Browse to the local file previously downloaded in the local folder to upload in the Files box.

Next, launch the Databricks cluster using the uploaded initialization script:

Click the Advanced Options toggle on the cluster configuration page.
Click the Init Scripts tab at the right bottom.
Select the DBFS destination type in the Destination drop-down menu.
Specify the path to the previously uploaded initialization script dbfs:/FileStore/init_intel_optimized_ml.sh or dbfs:/FileStore/init_intel_optimized_ml_ex.sh.
Click Add.

Refer to Intel Optimized ML for Databricks for more detailed information.

Performance Measurements

Scikit-learn Training and Prediction Performance

We used Databricks Runtime Version 7.6 ML for the following benchmarks. We use scikit-learn_bench to compare the performance of common scikit-learn algorithms with and without the Intel optimizations. For convenience, the benchmark_sklearn.ipynb notebook is provided to run scikit-learn_bench on Databricks Cloud.

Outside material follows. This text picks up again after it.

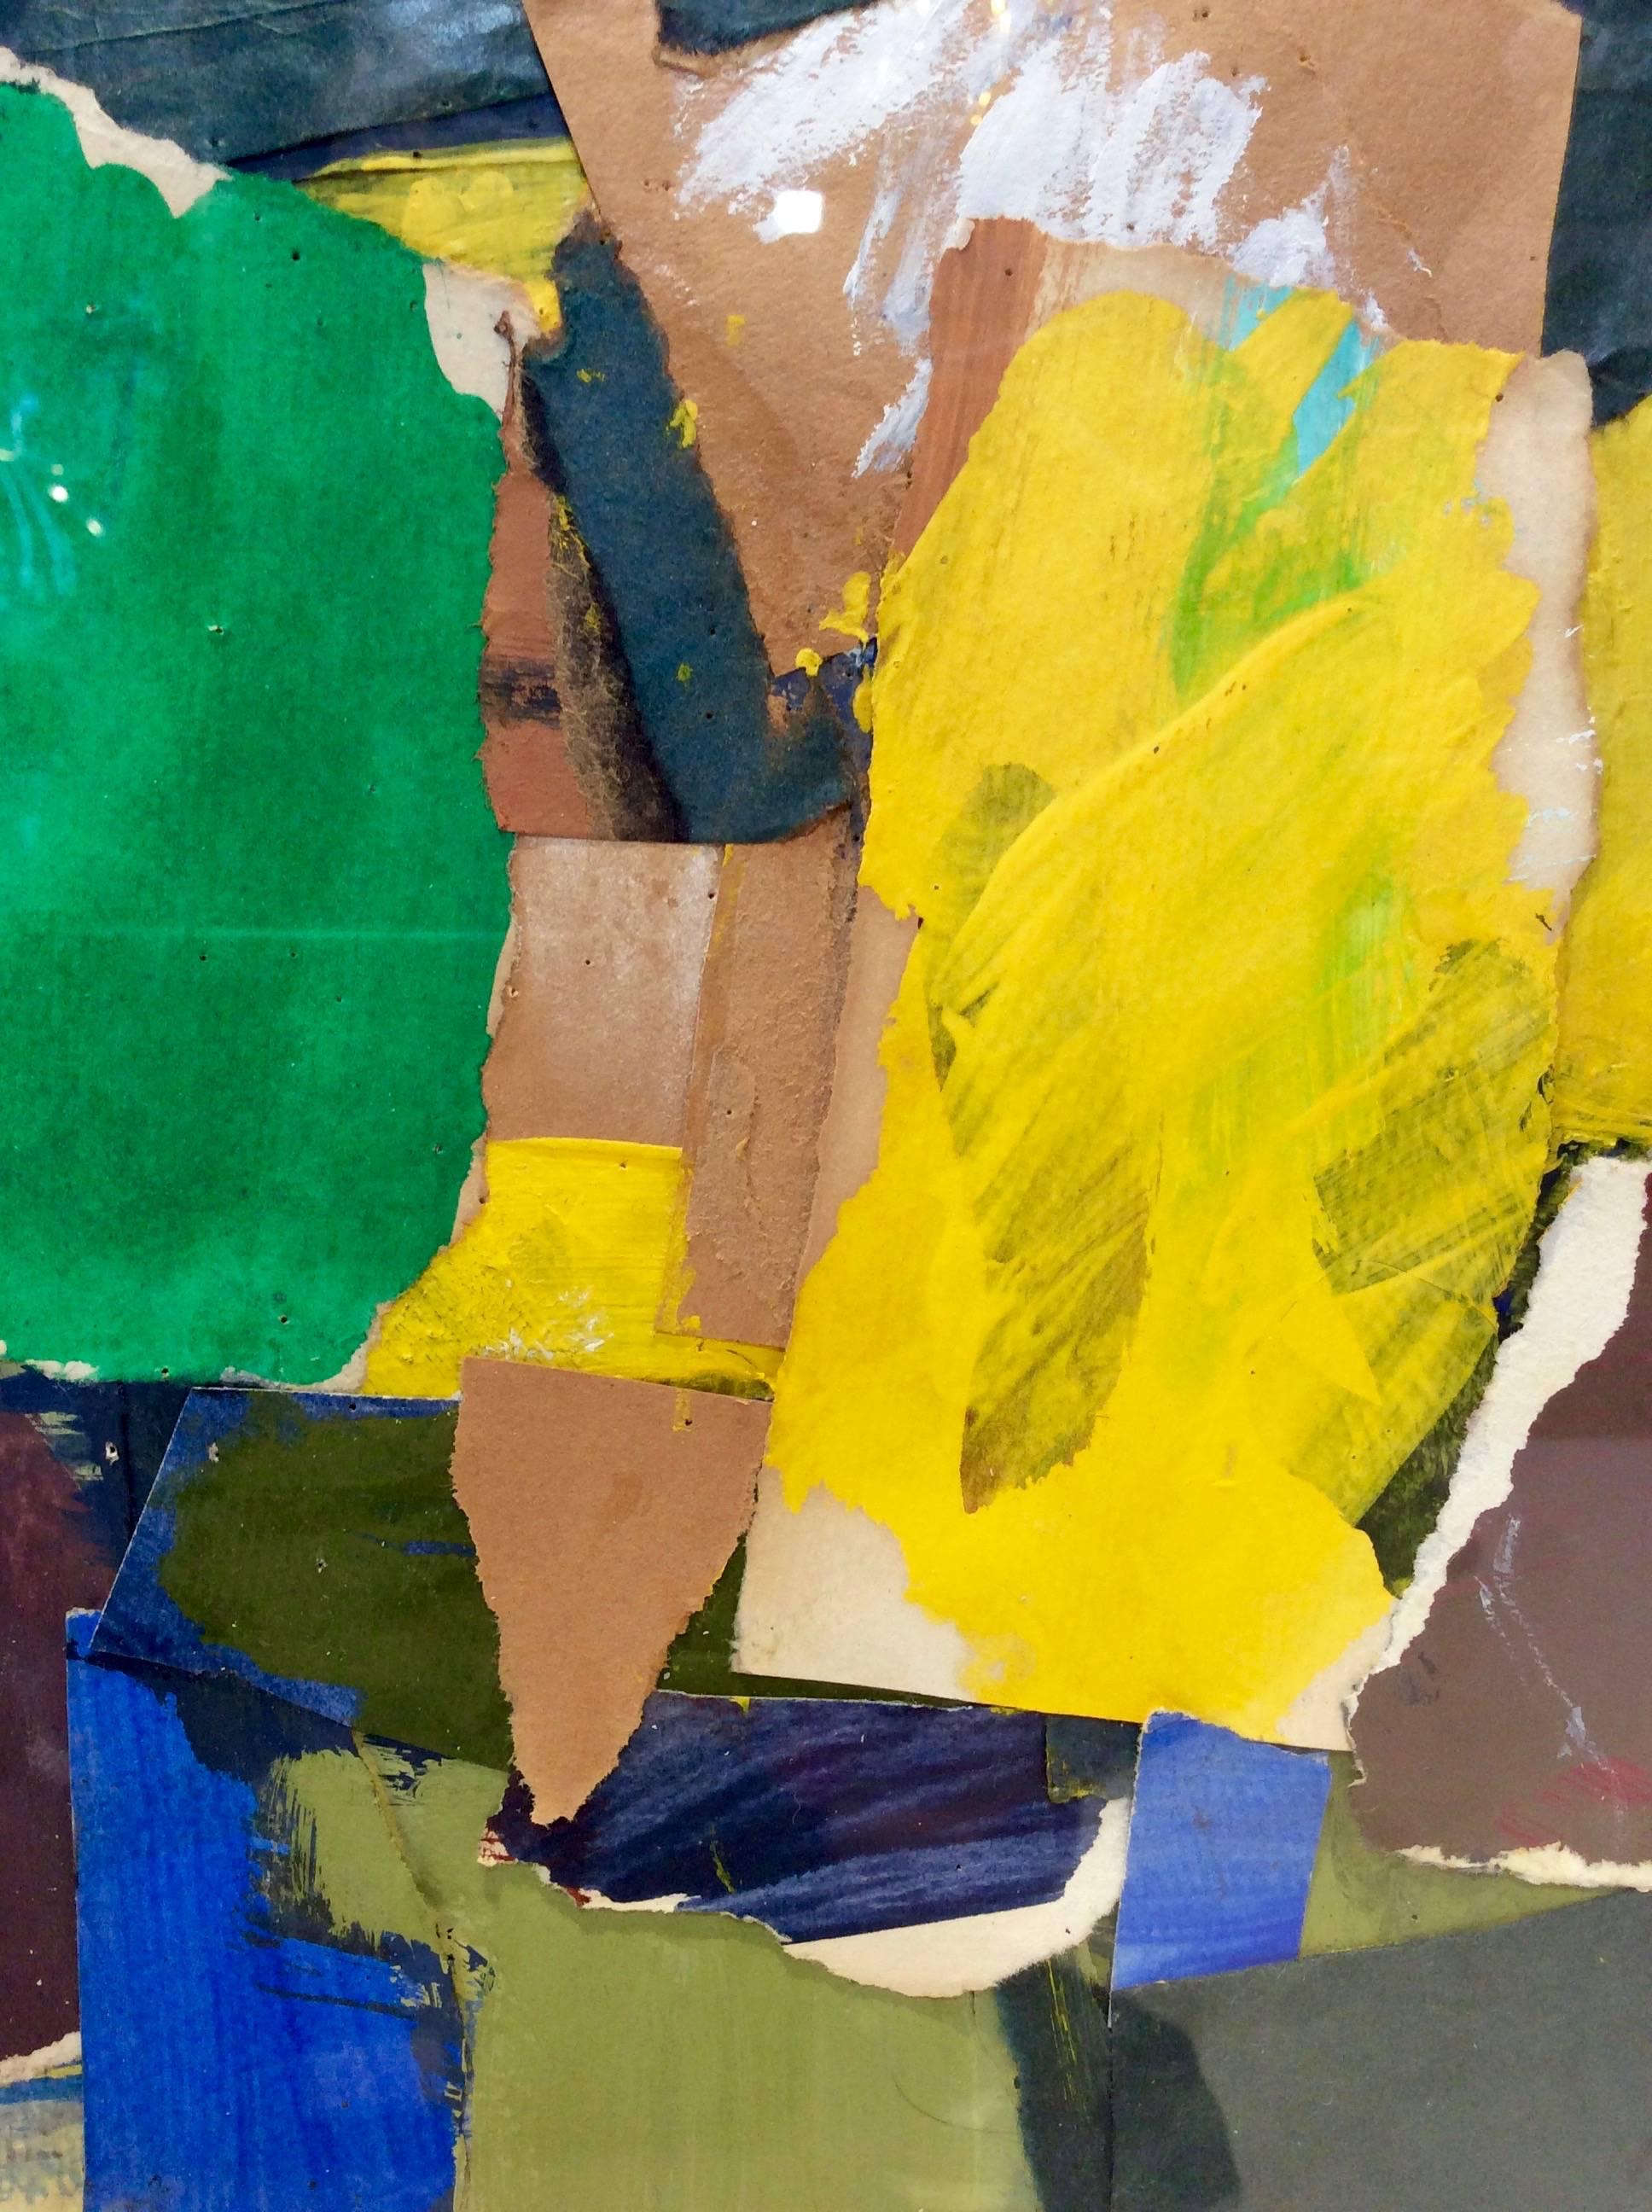 Fantastic jewel toned mixed media collage, signed by Artist Jacklyn Friedman. Assembled with multiple layers of paint and paper, giving this work a strong graphic abstract presence. The piece is floating on a linen mat background and highlighted in

We compared training and prediction performance by creating one single-node Databricks cluster with the stock library and another with the Intel-optimized version. Both clusters used Standard_F16s_v2 instance type.

The benchmark notebook was run on both clusters. For each algorithm, we set multiple configurations to get accurate training and prediction performance data, and below (Table 1) shows the performance data of one configuration for each algorithm.

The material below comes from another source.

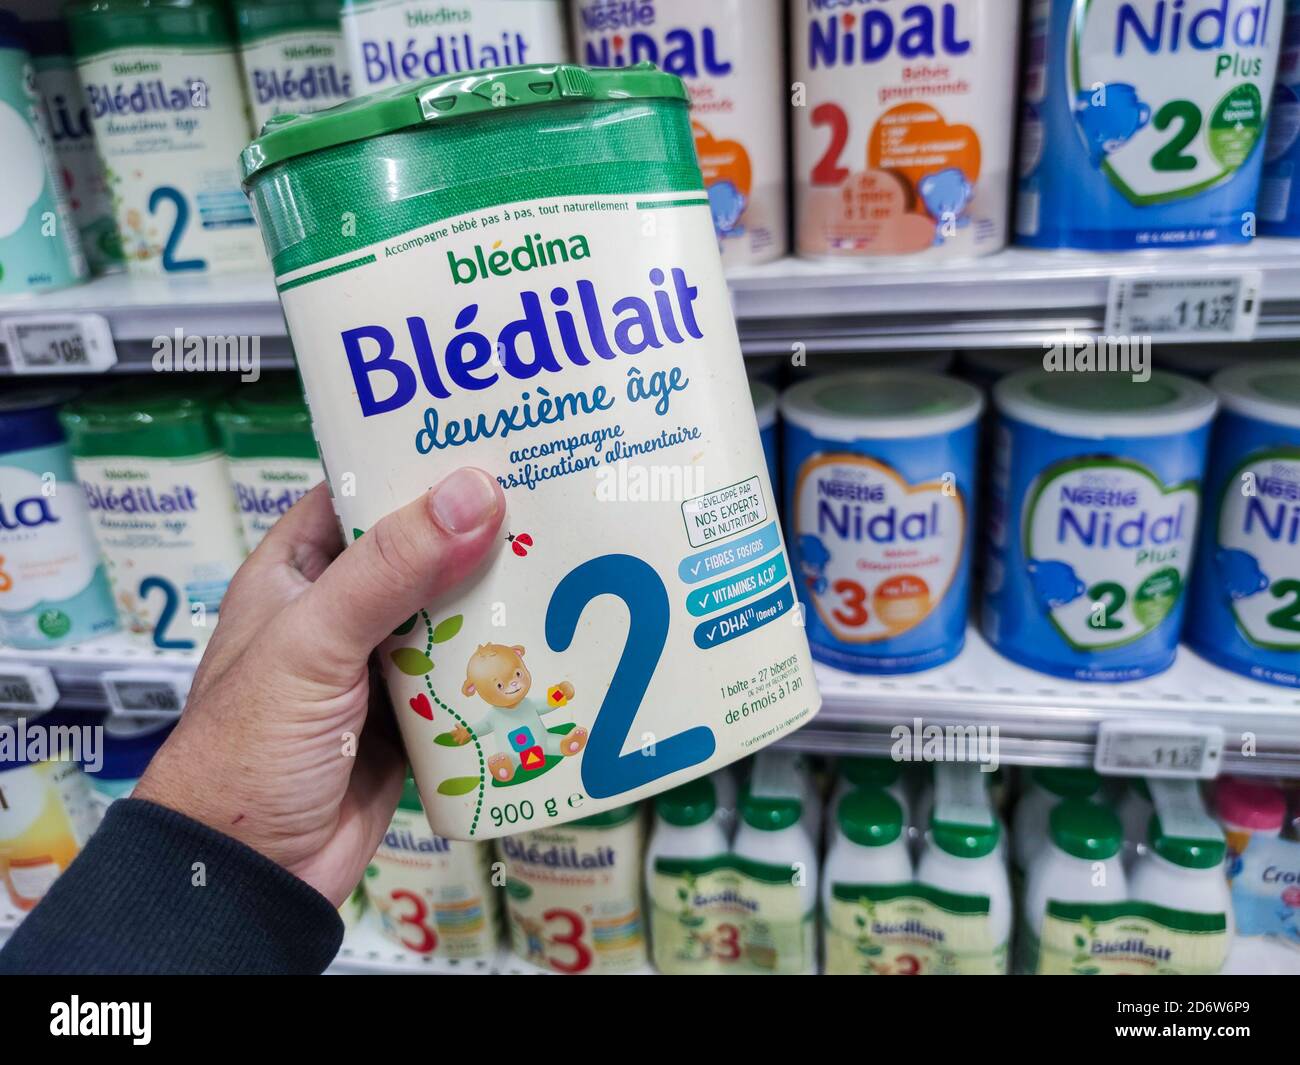 A Consumer Chooses a Box of Bledilait Brand Baby Milk from the

Algorithms	Input Config	Training Time (seconds)		Prediction Time (seconds)
		Stock scikit-learn (baseline)	Intel Extension for Scikit-learn	Stock scikit-learn (baseline)	Intel Extension for Scikit-learn
kmeans	config1	517.13	24.41	6.54	0.42
ridge_regression	config1	1.22	0.11	0.05	0.04
linear_regression	config1	3.1	0.11	0.05	0.04
logistic_regression	config3	87.5	5.94	0.5	0.08
svm	config2	271.58	12.24	86.76	0.55
kd_tree_knn_classification	config4	0.84	0.11	1584.3	25.67

Table 1 Comparing training and prediction performance (all times in seconds)

For each algorithm, the Intel-optimized version of scikit-learn greatly improved training and prediction performance. For some algorithms, like svm and brute_knn, it achieved order of magnitude speed-up (Figure 1).

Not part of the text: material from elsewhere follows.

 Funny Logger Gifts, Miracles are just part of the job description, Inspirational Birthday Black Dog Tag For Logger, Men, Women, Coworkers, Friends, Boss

Figure 1 Training and inference speedup of the Intel-optimized scikit-learn over the stock version

TensorFlow Training and Prediction Performance

BERT, or Bidirectional Encoder Representations from Transformers, is a new method of pre-training language representations that obtains state-of-the-art results on a wide range of natural language processing tasks. Model Zoo contains links to pre-trained models, sample scripts, best practices, and step- by-step tutorials for many popular open-source machine learning models optimized by Intel to run on Intel® Xeon® Scalable processors.

We used Model Zoo to run the BERT-Large model on SQuADv1.1 datasets to compare the performance of TensorFlow with and without our optimizations. Once again, we provide a notebook (benchmark_ tensorflow_bertlarge.ipynb) to run the benchmark on the Databricks Cloud. Refer to Run Performance Comparison Benchmarks for more details.

We used Databricks Cloud Single Node with Standard_F32s_v2, Standard_F64s_v2, and Standard_F72s_v2 instance types for the TensorFlow performance evaluation. For each instance type, we compared the inference and training performance between stock TensorFlow and the Intel-optimized TensorFlow. The latter delivers 2.09x, 1.95x, and 2.18x inference performance on Databricks Runtime for ML with Standard_F32s_v2, Standard_F64s_v2, and Standard_F72s_v2 instances, respectively (Figure 2). For training, the Intel-optimized TensorFlow delivers 1.76x, 1.70x, and 1.77x training performance on Standard_F32s_v2, Standard_F64s_v2, and Standard_F72s_v2 instances, respectively (Figure 3).

Figure 2 Inference speedup of the Intel-optimized TensorFlow over the stock version

Figure 3 Training speedup of the Intel-optimized TensorFlow over the stock version

Concluding Remarks

The Intel-optimized versions of scikit-learn and TensorFlow deliver significant improvements in training and inference performance on Intel XPUs. We demonstrated that replacing the stock scikit-learn and TensorFlow included in Databricks Runtime for Machine Learning with the optimized versions can improve performance and, hence, reduce cost for customers.